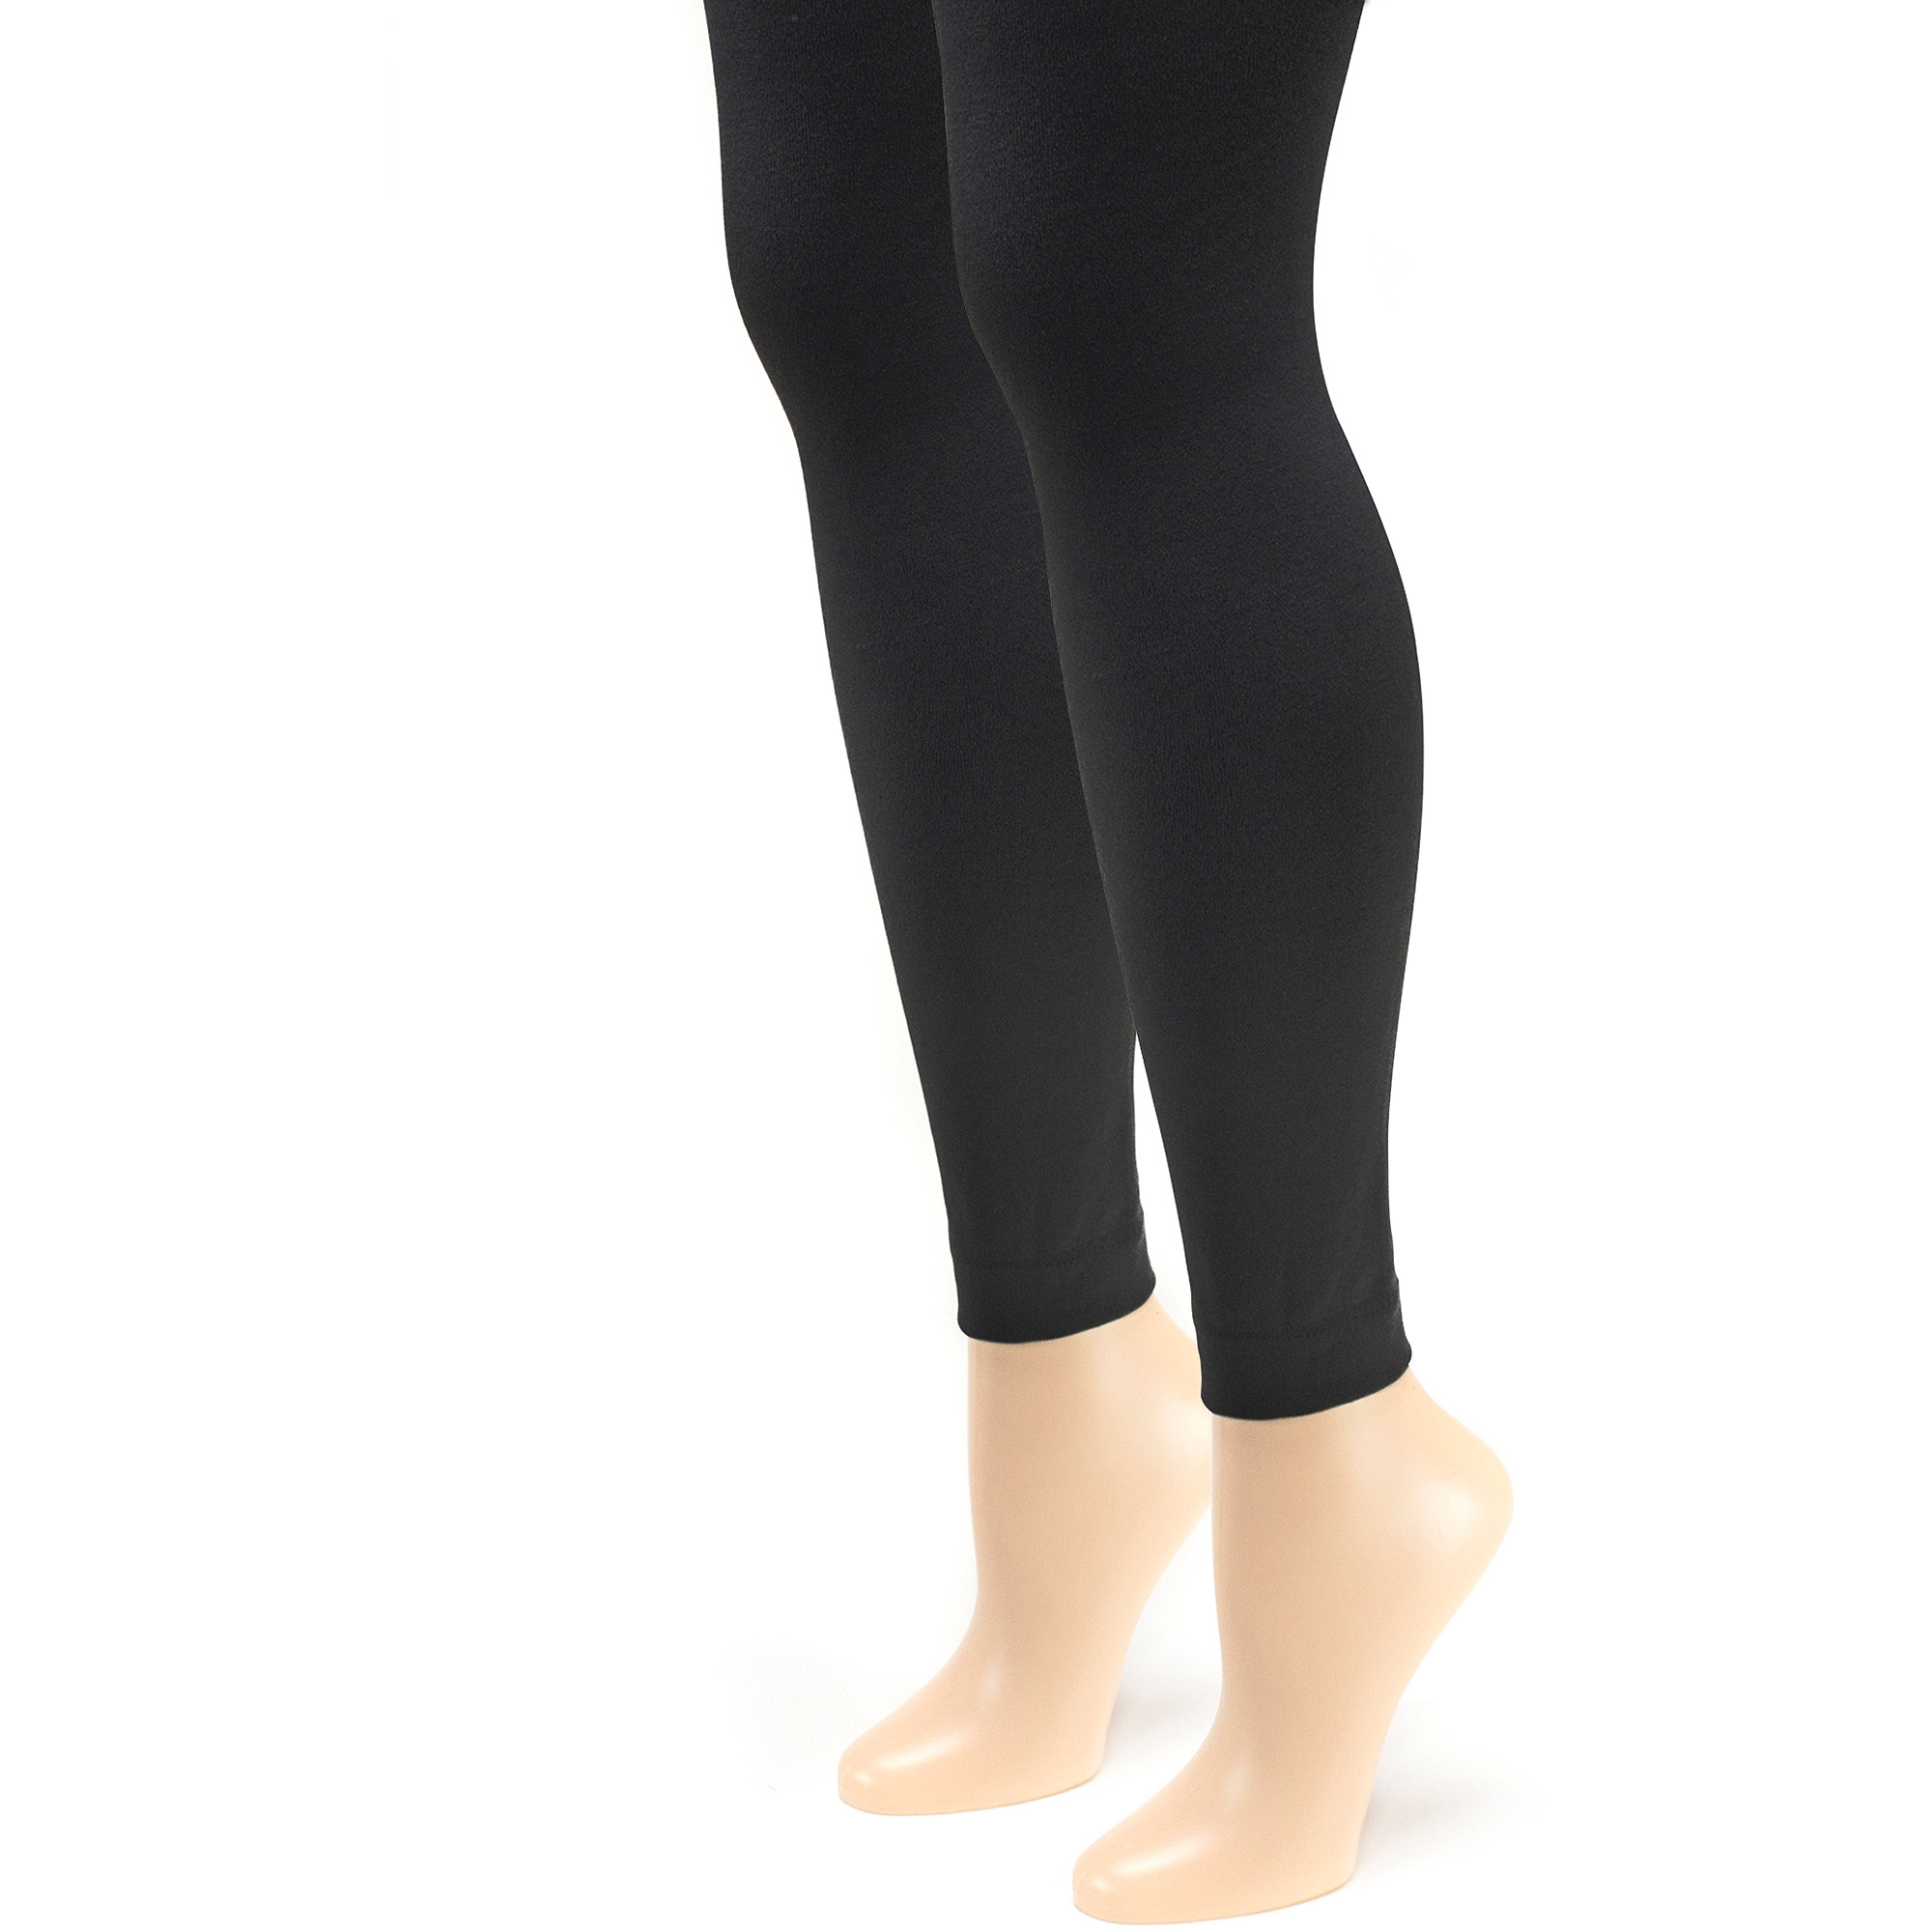 MUK LUKS Women's Fleece Lined 2-Pair Pack Footless Tights ...
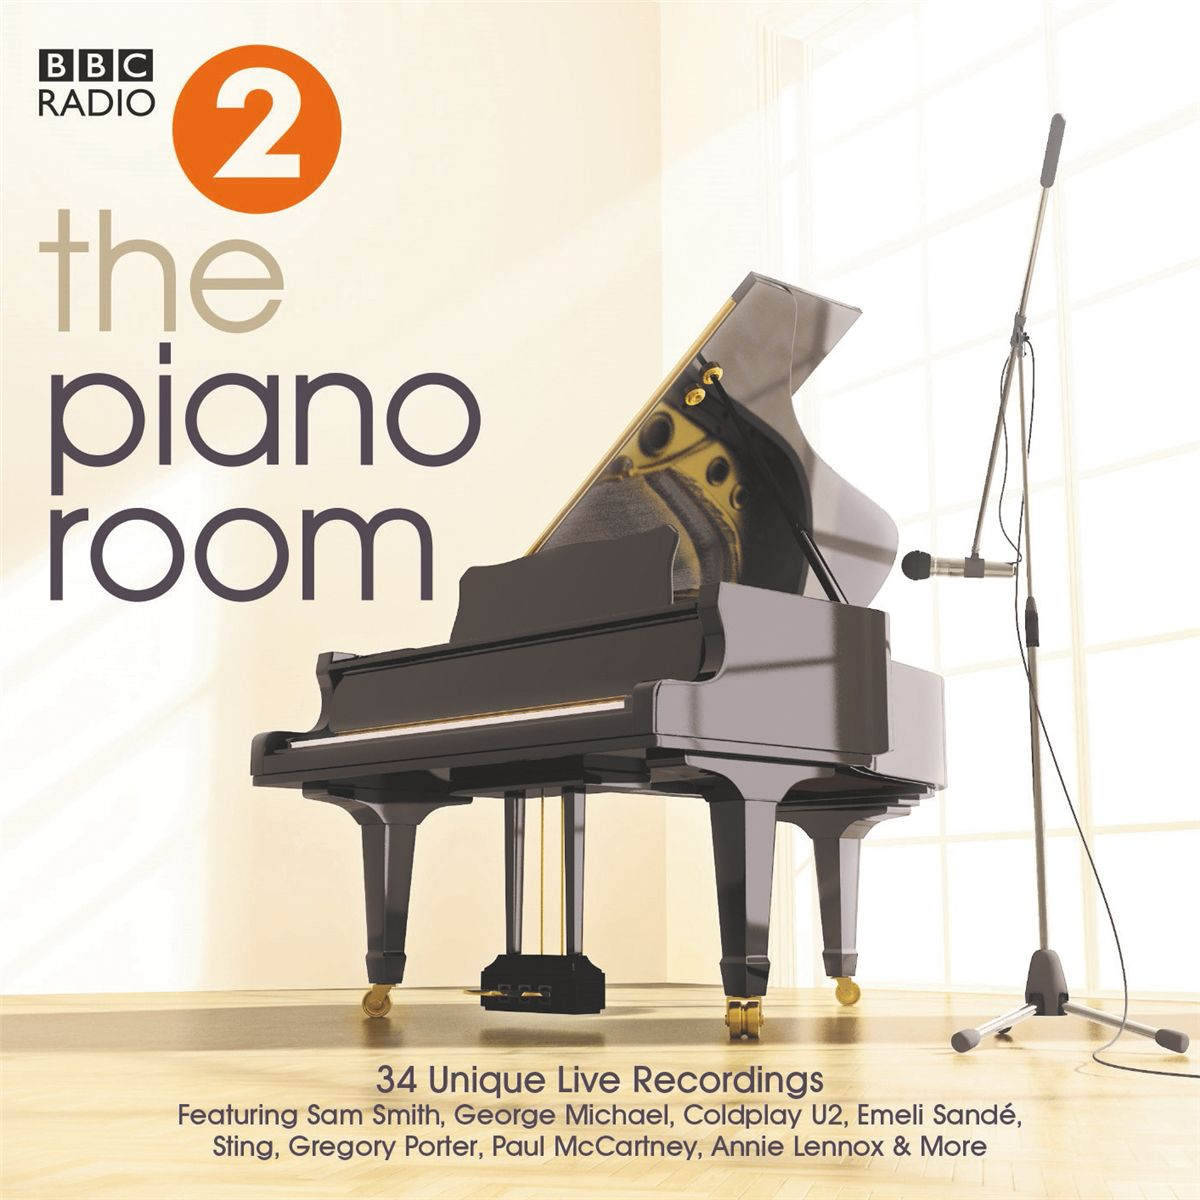 ELTON JOHN'S FAMOUS YAMAHA PIANO
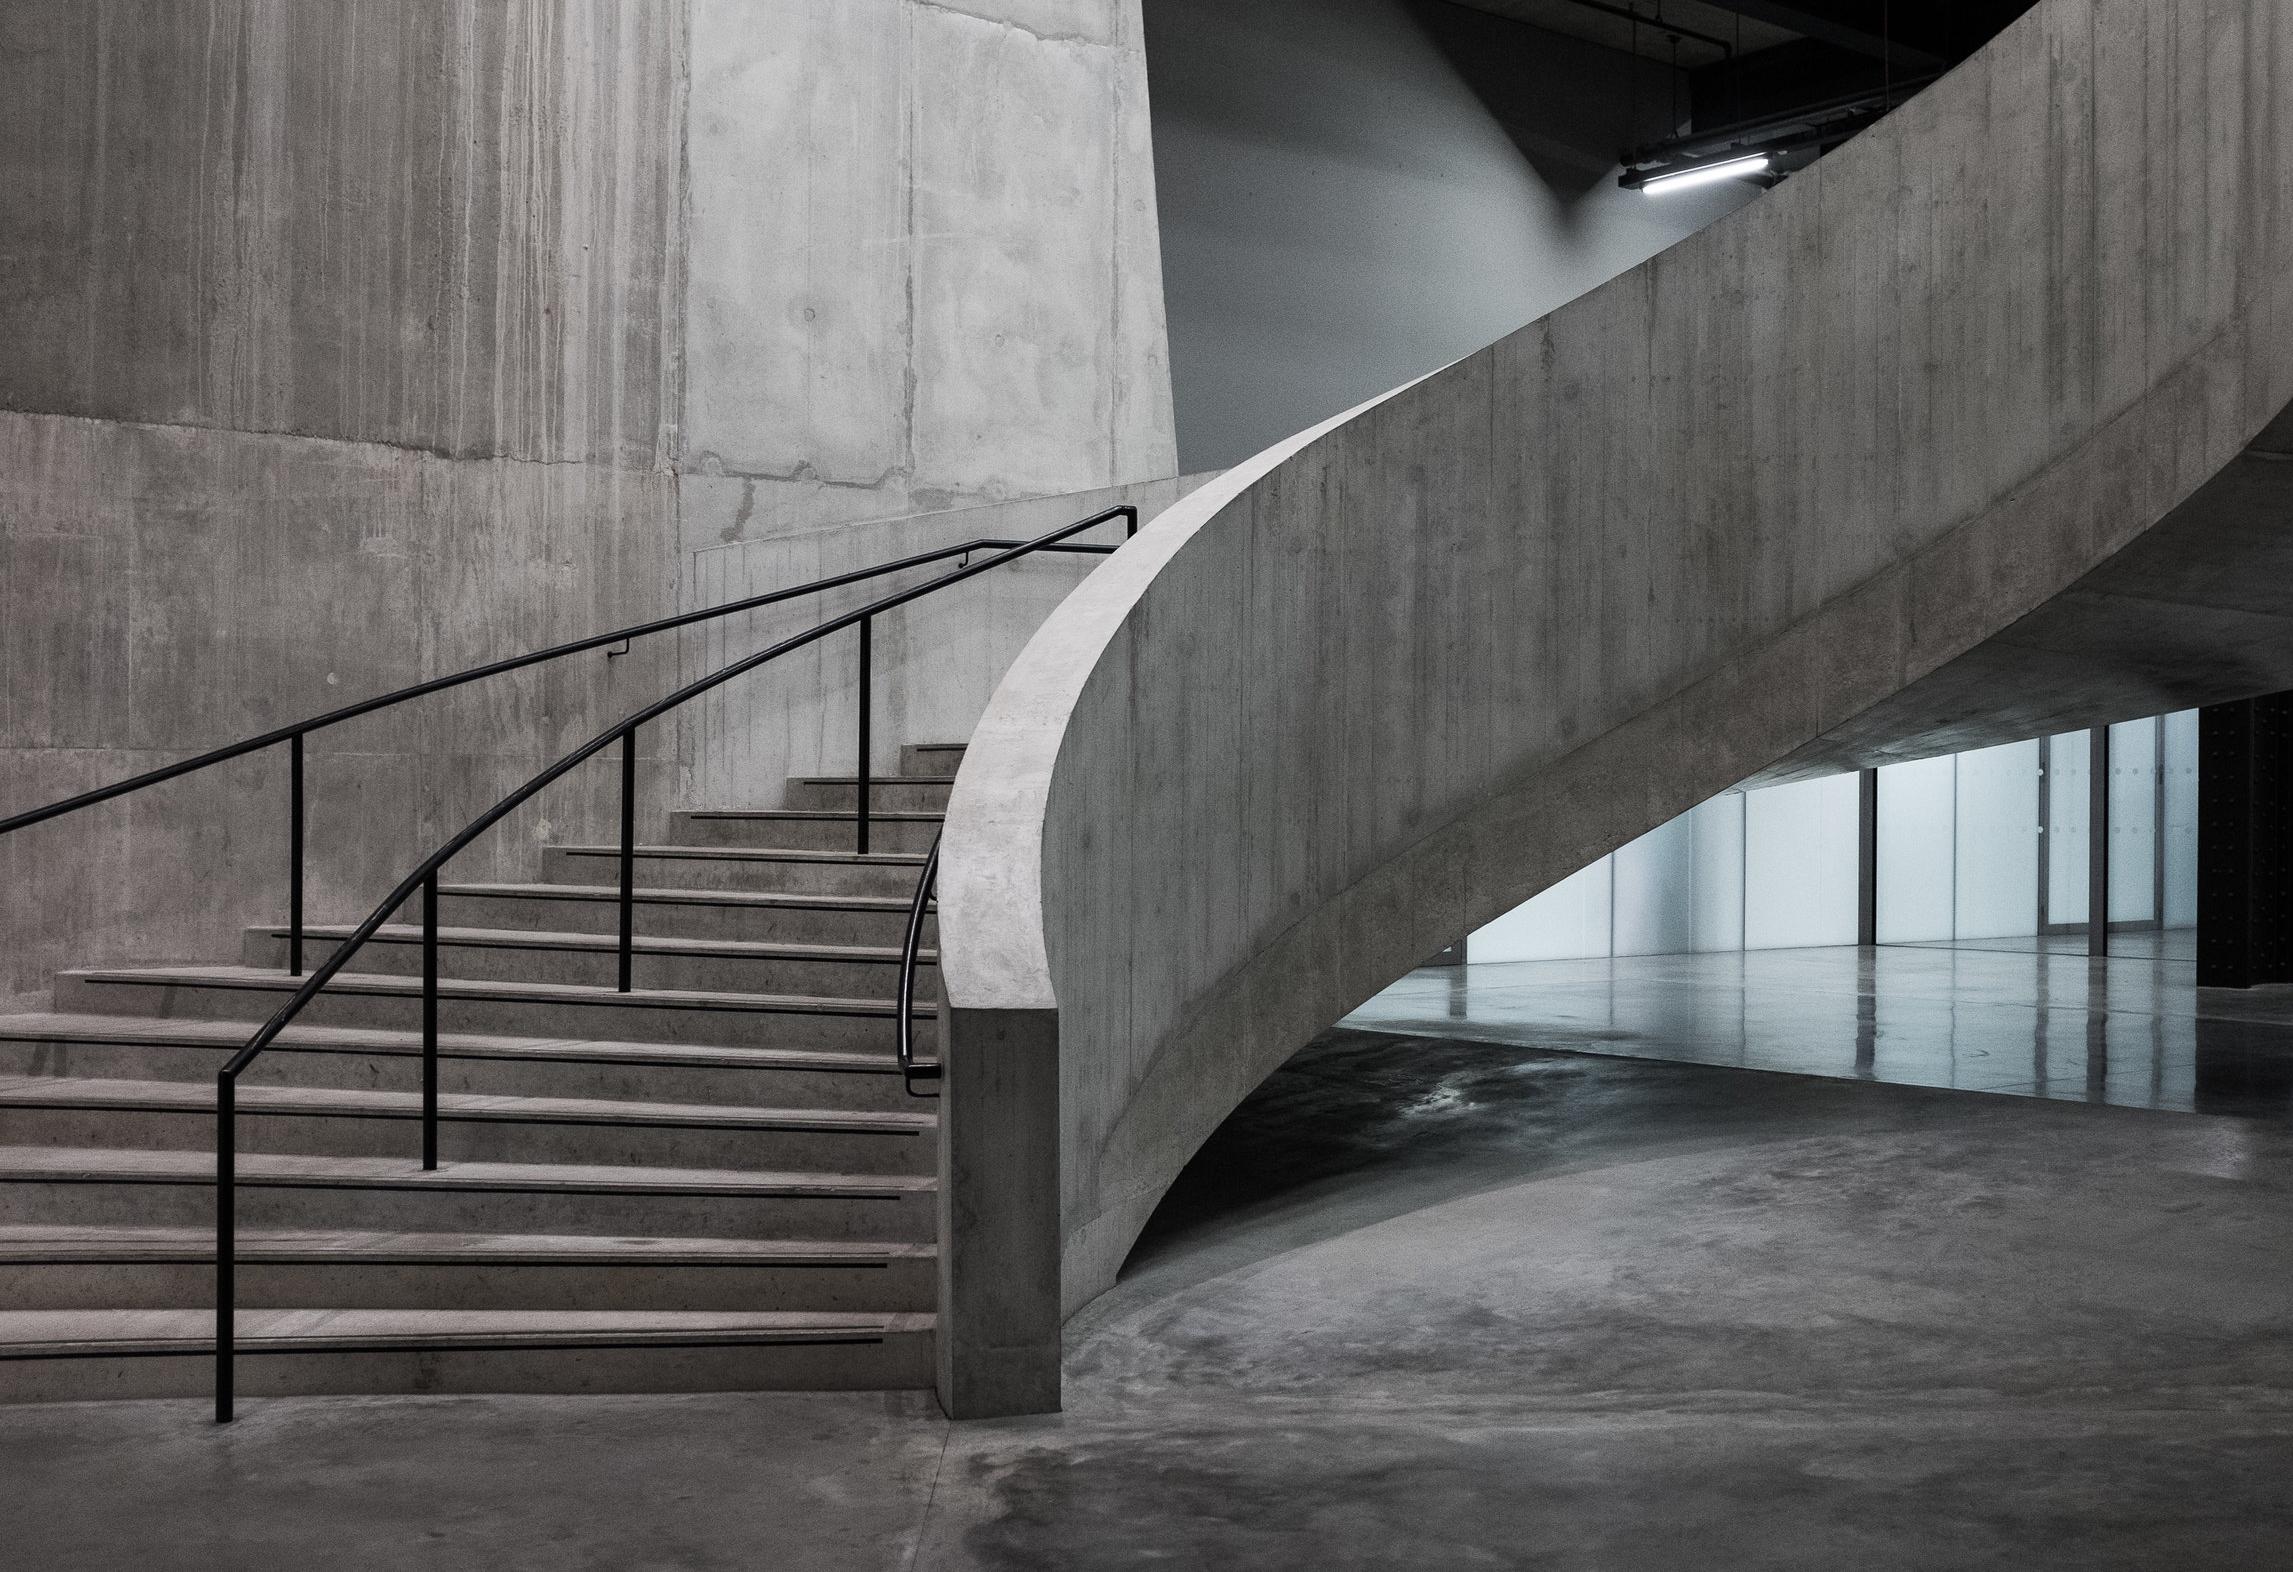 Tate+Modern+by+handover-3-1.jpg

☆ ☆ ☆

» WHAT IS EXPECTED
All the lines above are to be given again exactly as they read, with the pictures removed.

» REPLY
 MUK LUKS Women's Fleece Lined 2-Pair Pack Footless Tights ...
 ELTON JOHN'S FAMOUS YAMAHA PIANO
 Tate+Modern+by+handover-3-1.jpg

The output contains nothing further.